Dive into zkLogin’s Salt Server Architecture

Salt servers needed for zkLogin are crucial in maintaining the integrity and privacy of user identities.

Dive into zkLogin’s Salt Server Architecture

zkLogin is a Sui primitive that stands as the first of its kind in Web3—a truly trustless, secure, and user-friendly authentication mechanism. With zkLogin, developers can create seamless onboarding experiences allowing users to sign on with familiar Web2 credentials, such as Google or Facebook, to create and manage Sui addresses effortlessly.

When signing a transaction for an address using zkLogin, a unique salt value must be provided to represent the OAuth, or Web2, credentials associated with the Sui address. This salt value is crucial for ensuring that onchain addresses cannot be traced back to the user’s Web2 credentials. The salt server is responsible for generating, storing, and supplying the salt predictably whenever a transaction is initiated. Developers have several options for generating and storing this salt value, whether on the client side or the server side.

At Mysten Labs, we operate a salt server that uses a master seed in combination with the user's JSON Web Token (JWT) to derive a reproducible salt value per user per app. This process includes verifying the JWT against the provider. Given the sensitivity of the master seed, hosting a salt server in a typical computing environment would be irresponsible. Protecting the master seed is crucial for maintaining the separation of Web2 identities from Sui addresses. 

To safeguard our customers’ and partners’ user identities, our salt server operates in a secure computing environment, ensuring protection from accidental or malicious exposure. We will outline our approach here as a reference for others looking to implement a similar solution.

zkLogin and the salt server

As discussed above, the salt server plays an important part in maintaining privacy and security for users’ Web2 credentials when using zkLogin. Using a secret master seed and the user’s JWT, the salt server produces a salt value that is unique to that user for that app, but hides the connection from the user’s identity to their Sui activity, cryptographically ensuring privacy. The salt value is required before generating a zkLogin proof and therefore before issuing transactions onchain.

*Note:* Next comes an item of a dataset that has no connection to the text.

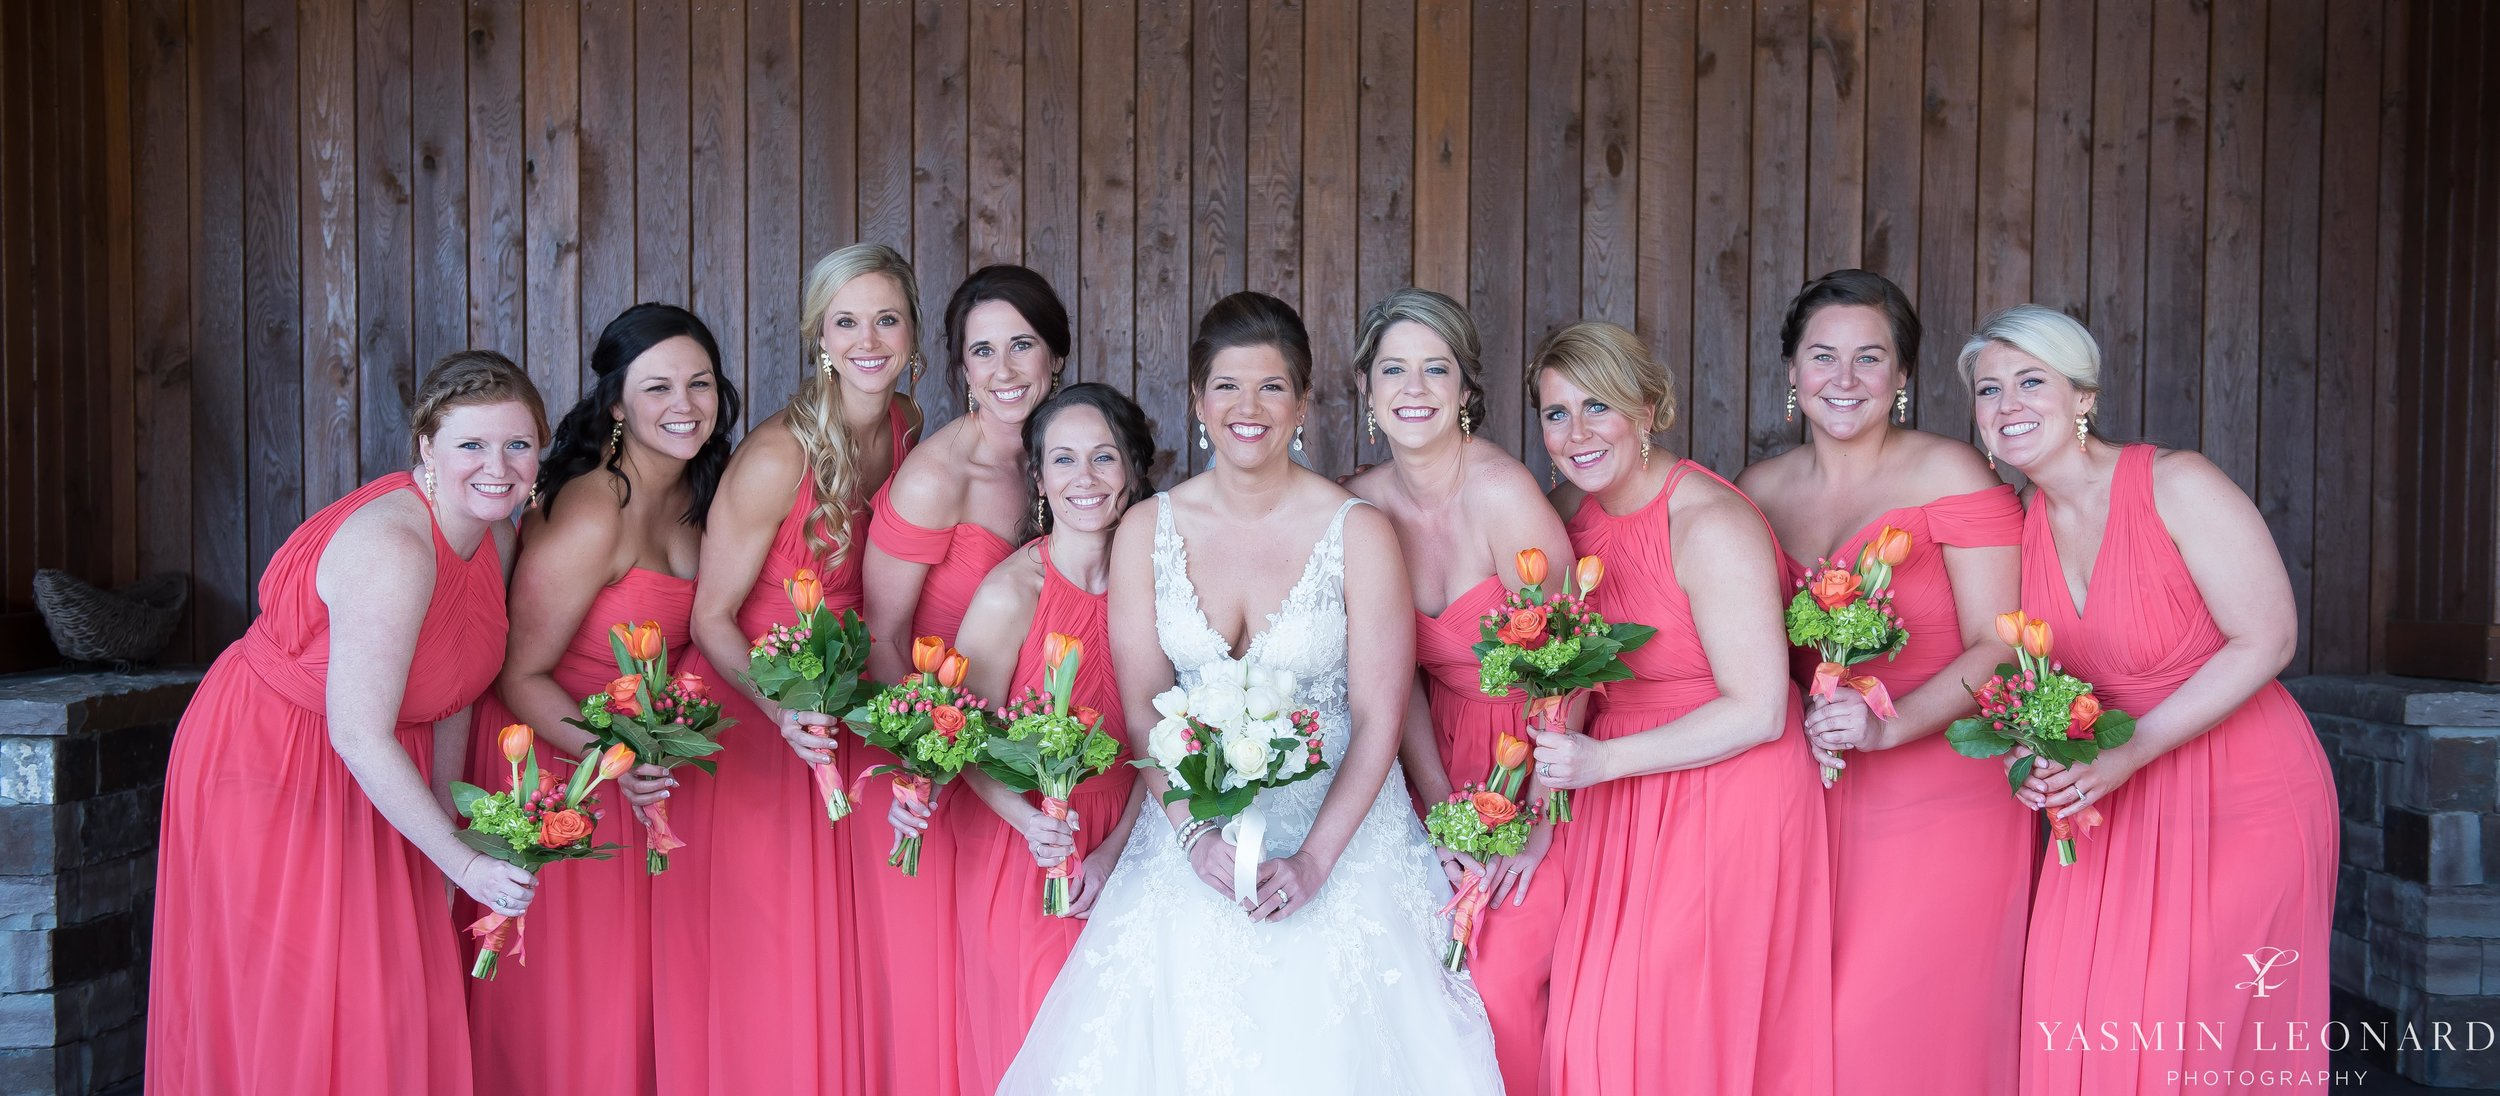 Adaumont Farm - Adaumont Farm Weddings - Trinity Weddings - NC Weddings - Yasmin Leonard Photography-17.jpg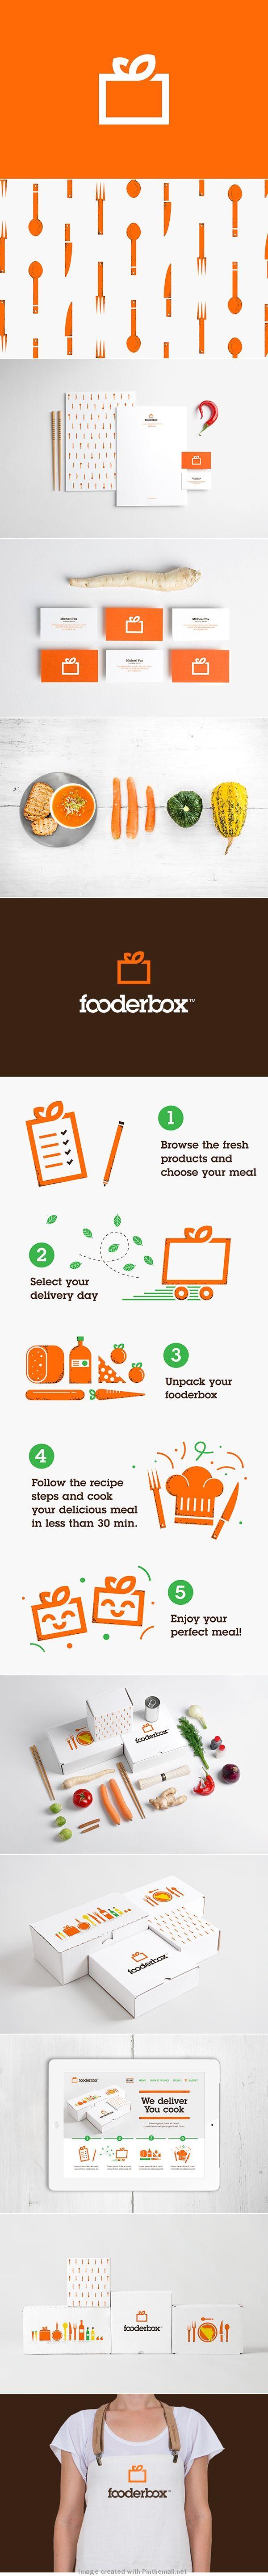 Fooder box #identity #packaging #branding PD

When someone uses an app backed by the Mysten Labs salt server, they enter their Web2 credentials and the application requests a JWT from the auth provider. The app then sends the JWT to the salt server to get the salt value. Each time the Sui address is derived from the user’s identity, including computing the original proof to get the user’s zkLogin signature, the salt is used to ensure that the user’s address can always deterministically be computed from their token without revealing the binding between the two.

Diving into the salt server

There are three main goals in protecting the master seed used by the salt server. It must be generated securely, protected from exposure to any person internally at Mysten Labs, and protected from external exposure to the internet through the service or via side channel attacks in our cloud provider. If no person or system sees the key except the salt server, we can be confident in its secrecy and therefore the validity of hashed mapping from JWT to onchain addresses.

Trusted computing systems

A variety of options exist for hosting trusted compute infrastructure. In an ideal world, all hash computation would happen within a trusted hardware module like a Hardware Security Module (HSM) or Trusted Platform Module (TPM). 

However, binding the master seed to a single piece of hardware means that that hardware becomes a single point of failure in the system – loss of access to the HSM or TPM would mean permanent loss of the master seed. The risk of seed loss under these circumstances is too high for our salt server, so we needed something that traded off the absolute security of trusted hardware for more flexibility. The solution we settled on was to use trusted compute environments, where we can run the server in an isolated environment with container attestation and allow access only over TCP directly through to the service’s endpoints.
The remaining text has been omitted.